Eggers liest aus einer Szene, in der Professoren an der Kunsthochschule die Arbeit der Studenten mit unerbittlicher Schärfe kritisieren. Er glaube, nein, hoffe, die einst kannibalische Atmosphäre an den Kunsthochschulen sei inzwischen konstruktiver, sagt er. Vor vielen Jahren habe auch er Kunst studiert, allerdings nicht sehr lang und nicht sehr erfolgreich. Doch die Freude am Aktzeichnen, die er in dieser Zeit für sich entdeckte, habe er sich bewahrt. Einige seiner Zeichnungen, filigrane Abbildungen von Körpern und Köpfen, haben ihren Weg in den Roman gefunden. Eigentlich habe er sie Cricket zuschreiben wollen, sagt Eggers, doch irgendwie sei das bei der Produktion des Buches untergegangen.
Das Aktzeichnen inspirierte Eggers letztlich auch zur Wahl des Buchtitels. „Contrapposto“ ist ein Prinzip aus der Malerei und Bildhauerei, das schon Michelangelo für sich nutzte: Die stehende Figur wird dabei mit einem leicht nach vorne gebeugten Bein dargestellt, ihr Gewicht lagert auf dem Standbein. Auf diese Weise erscheint sie lebendiger und weniger statisch. Dieses Bild scheint passend für Eggers’ neues Buch, das von all dem handelt, was uns menschlich macht: Individualität, Kreativität, Freundschaft.

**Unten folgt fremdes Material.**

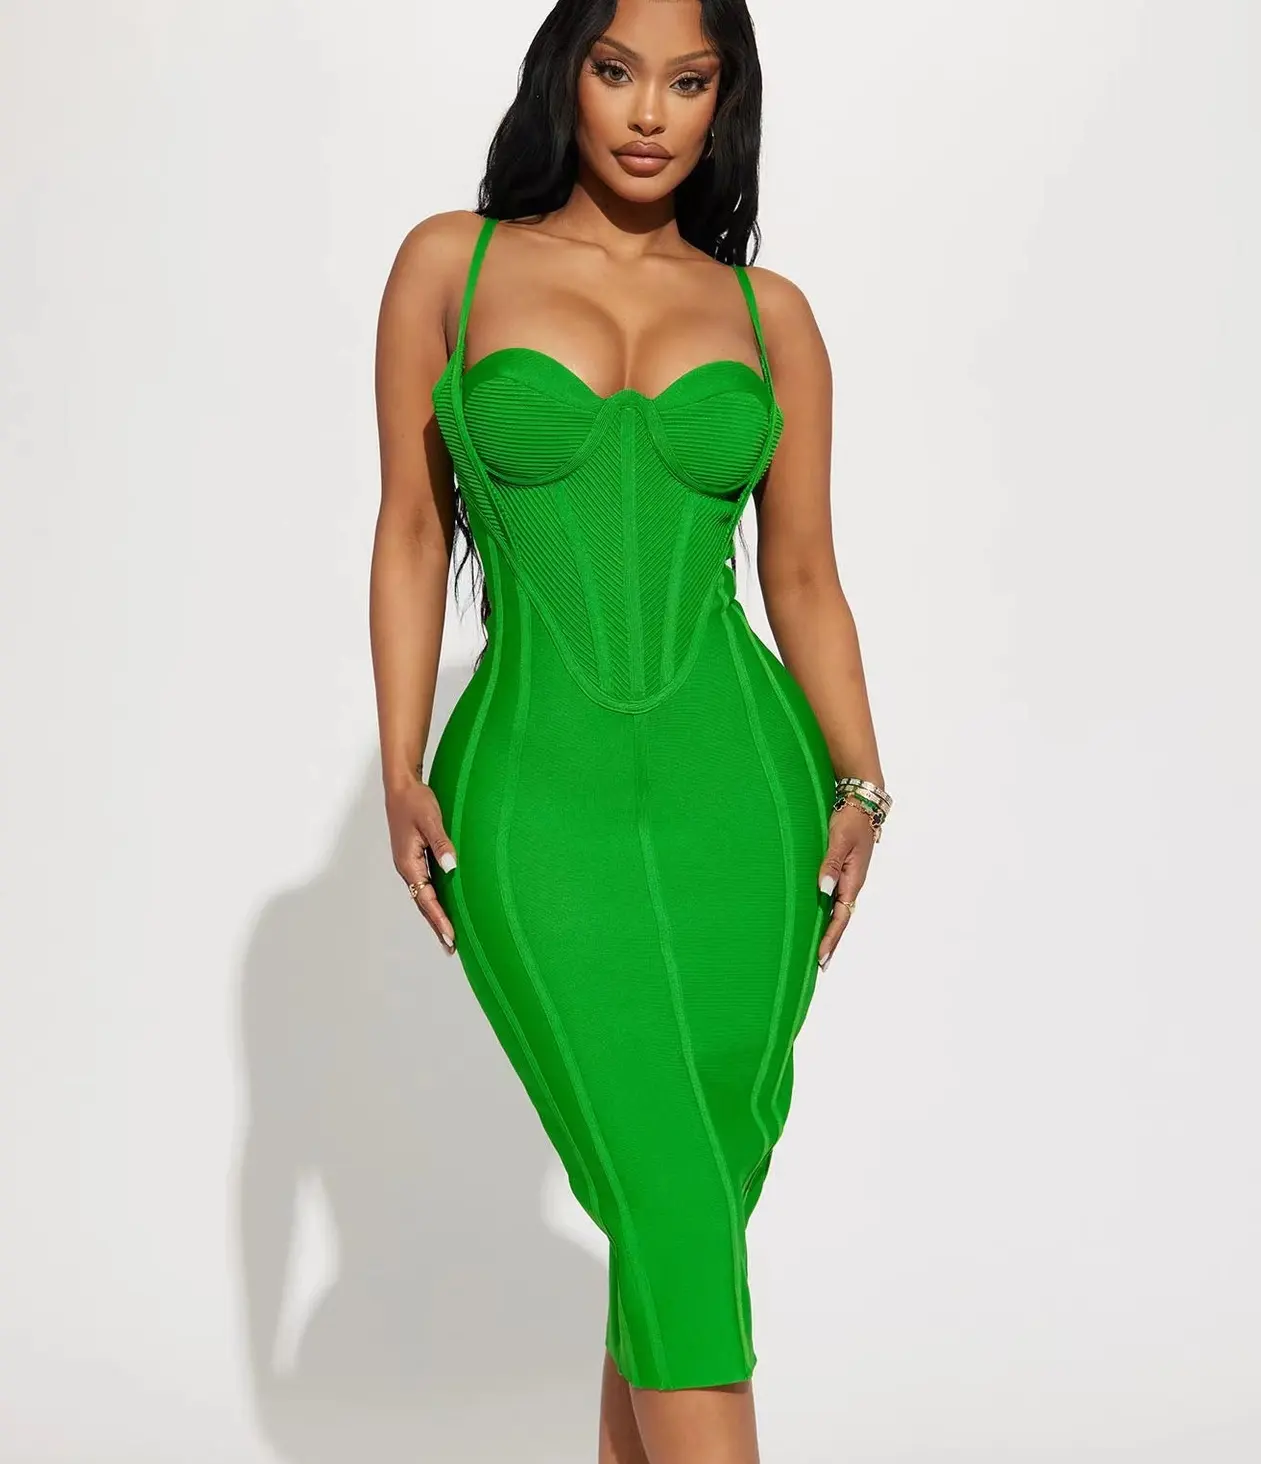 High Quality Knit Green Bandage Formal Evening Gown Dress Elegant Corset Spaghetti Strap Bodycon Knee-length Party Dresses Women

Es überrascht, dass an diesem Abend nicht ein einziges Mal von der Künstlichen Intelligenz und ihren Gefahren gesprochen wird. Anstatt einem nur zu erwartbaren Kulturpessimismus zu verfallen, tritt Eggers optimistisch auf, hoffnungsvoll und tief überzeugt von seiner Begeisterung für menschliches Schaffen. Vor diesem Hintergrund eröffnet der Titel seines Buches eine zweite Bedeutungsebene: „Contrapposto“ kommt aus dem Italienischen und bedeutet wörtlich übersetzt so viel wie „Gegenstück“. Nach den verstörenden Zukunftsdystopien „Der Circle“ und „Every“ ist ihm genau das gelungen: ein Gegenstück zu schaffen zu der Angst, eines Tages unsere Menschlichkeit zugunsten der Technik aufzugeben. Dave Eggers weiß: Wir tragen sie in uns.
Dave Eggers: „Contrapposto“. Aus dem Englischen von Andrea O’Brien. Verlag Kiepenheuer & Witsch, 496 Seiten, 25 Euro (erscheint am 9. Juli).